The Hidden Influence of the Unconscious Brain

Asher Kade

What emotions, thoughts or reaction do you have when viewing it? The reaction is no doubt phenomenally different!

There is a scientific explanation for this. Studies show that pictures of soft, cute, cuddly objects have a profound impression on our brain’s unconscious thoughts. So too is the phenomenon of touching soft, light objects. Scientists have proven in this aforementioned study that people (of both genders) are generally more flexible and open-minded when they sit in soft, cushioned seats and/or view pictures of soft, fluffy objects.

The Hidden Influence of the Unconscious Brain

Adversely, when participants of the aforementioned study viewed violent, crude pictures, they had adverse, negative reactions as expected. Coupled with sitting in hard, wooden chairs, their heart rate increased and they were less likely to compromise with prices on purchases or be open-minded and willing to cooperate with others.

Likewise, another study from Yale has discovered recently that when study participants were offered some sort of desirable compensation (like money), they were more apt to be able to suppress their unconscious behavior and/or reactions to stressful situations or being exposed to crude images.

Interesting results were obtained when the aforementioned studies tested the same participants on how they would rate a job applicant. One group was given light clipboards, weighing 12 ounces, each with a resume. The other group met the same job applicants and saw the same resumes, however, the latter were anchored onto heavy clipboards weighing approximately 4.5 pounds each.

The group given lighter clipboards judged the applicants less seriously and less qualified for the job. They were apt to allocate less government funds to social/public issues like education in a subsequent study by the same researchers.

The group that had the heavier clipboards took applicants more seriously, finding that their job skills and education were more desirable and the applicant wanted the job position more. These were the same job applicants with the same resumes that were given to the group with the lighter clipboards.


These studies correlate with another study whereby mammals, such as humans and primates, prefer physical warmth, the word “warmth” to describe someone and an increase in temperature (generally speaking). This coincides with the infant bonding experience when being close to another person or animal was one of the first memorable experiences.

Le Whif 3

Warmth translates over to generosity. According to the same study, simply holding a warm cup of coffee generates a person’s perception of another person as more loving, friendly and exuding positive characteristics. If someone holds a cup of iced coffee, the same person is more likely to perceive the other person as less generous, less sociable and less caring even though the same people were used in the study. Briefly holding a cup of hot coffee also made the same participants more likely to buy a gift for another person than if momentarily holding iced coffee!

Homeless ..

Moral integrity and purity is linked to physical hygiene according to this study. When participants were put in an environment with other people who were dirty and were physical disgusting due to lack of hygiene, participants judged them more harshly on their moral character. Certain areas of the front part of the brain (on p. 6 of the study’s article) overlap the activation of moral and physical disgust.
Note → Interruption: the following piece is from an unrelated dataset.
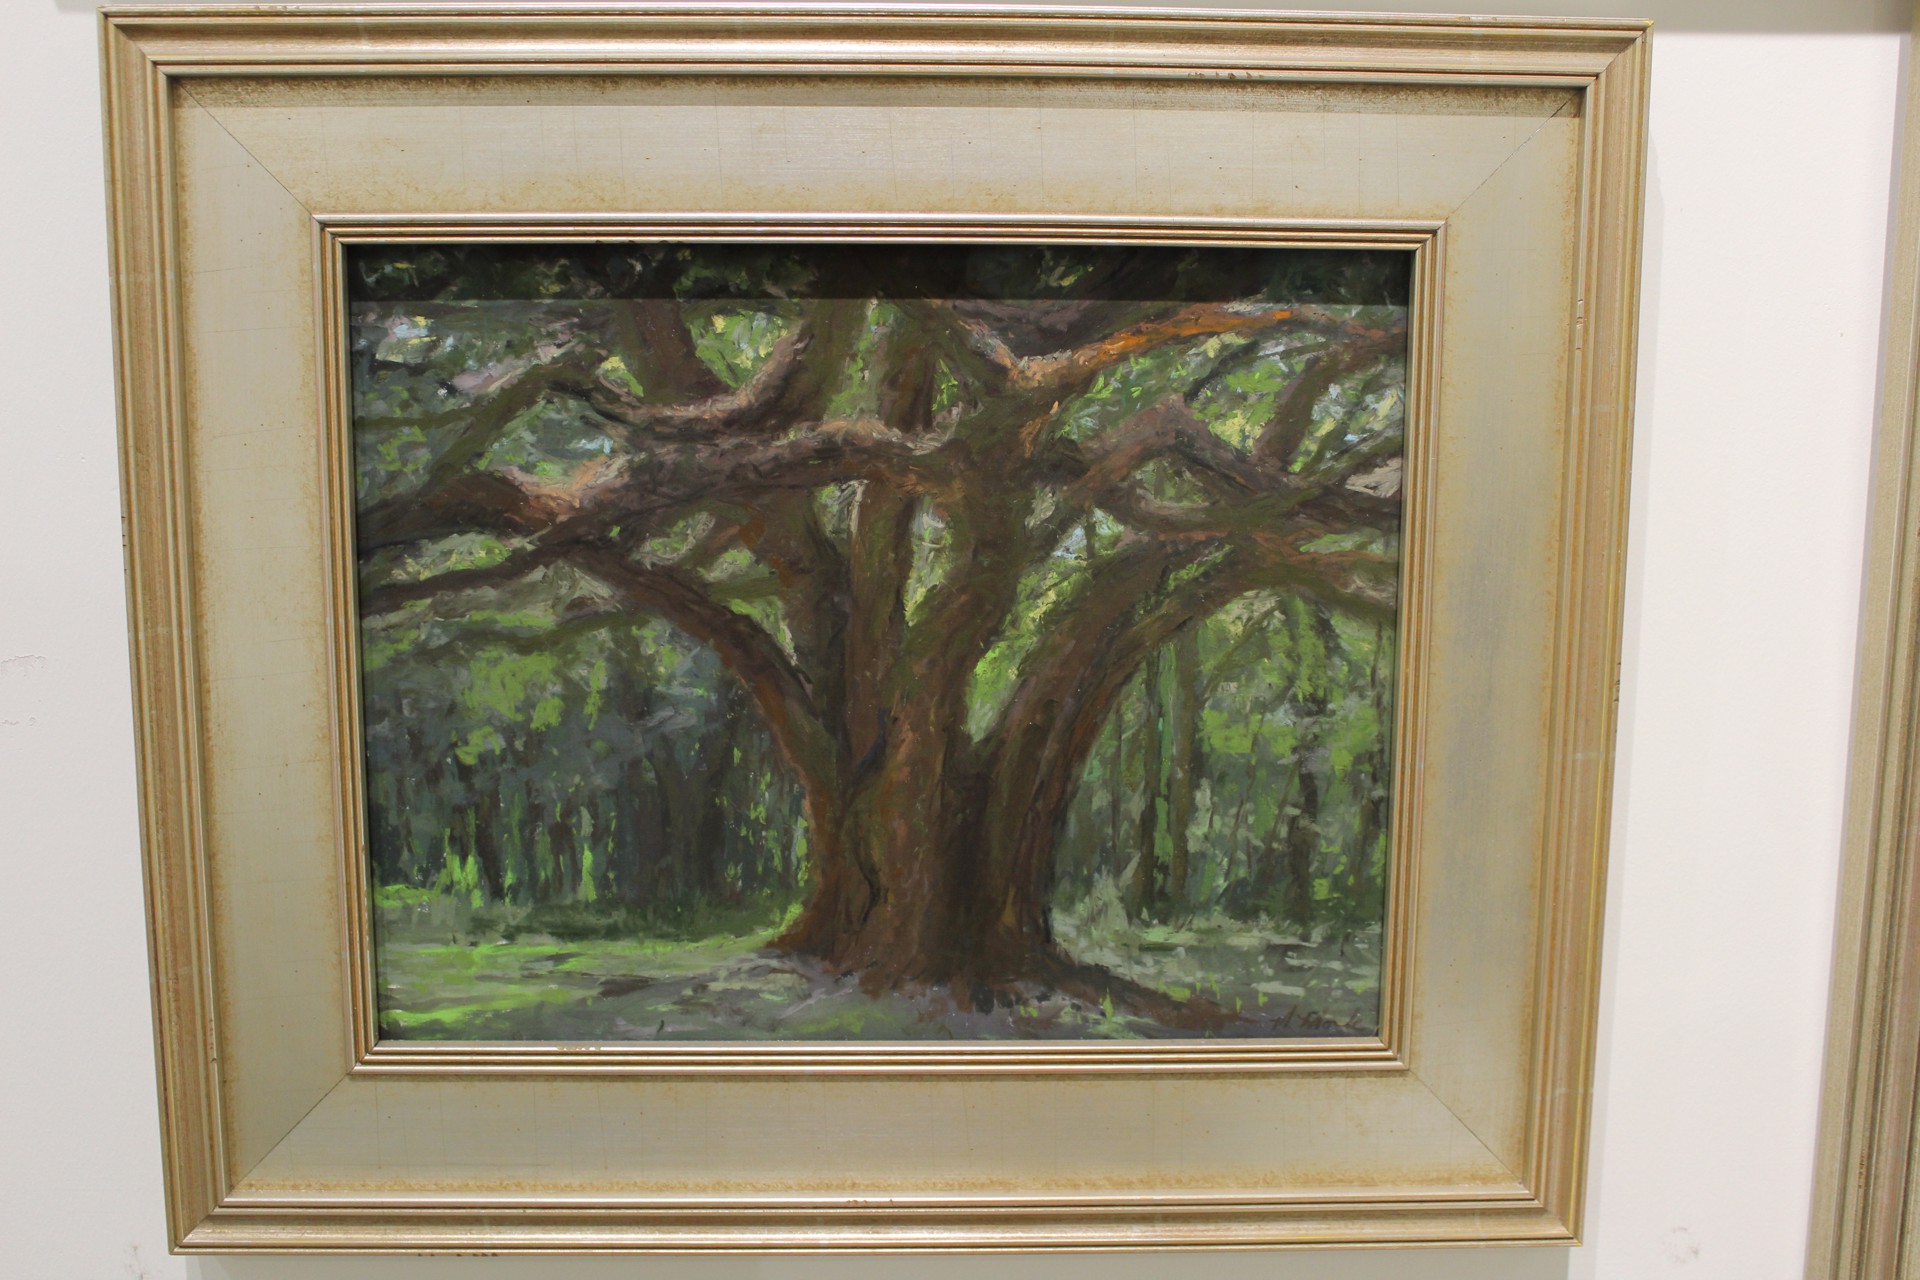 Oak Tree in the Morning Light by Mary Monk

It’s important to know that all of the people studied were unfamiliar with each other and therefore did not possess any pre-existing bias.

Physical pain and emotional pain are also heavily correlated in the unconscious brain. The sensation of rough material or even rough skin are associated with being demanding, rough and hardy in character, says Science News. It is a basic lesson learned early in life, as babies and young children touch everything in their world, often placing objects into their mouths.

Clothes make the man… and woman

Clothes made the man

When, in another study a group of participants were exposed to physiological pain via social rejection and social apathy, the participants were more liable to experience physical numbness than the group with the opposite exposure. The higher the psychological pain the participants experienced, the higher increase in physical pain tolerance and physical numbness. It’s a natural process by which to survive adverse situations.

The conclusion is this. If people want to be highly successful in life, generally speaking, they need to take a conscious effort to appease the unconscious brain. In other words, surround one’s environment, office, home, etc. with objects and furniture that are soft, fluffy and tranquil in nature. Keep coffee or other drinks freshly brewed or hot. Have a neutral, comfortable temperature in the room. Invest in a manicure (even for guys) and make sure hands are soft and supple. Take at least one shower a day; be meticulous about appearance and first impressions. Shake hands often because physical warmth is usually desirable. Don’t wear itchy materials and have an environment filled with objects of that sort.

If one will notice, businesses like law enforcement and security don’t have an environment with tactile-friendly objects and personnel. However, daycares, elementary schools and social services businesses readily incorporate these tactile-friendly atmospheres.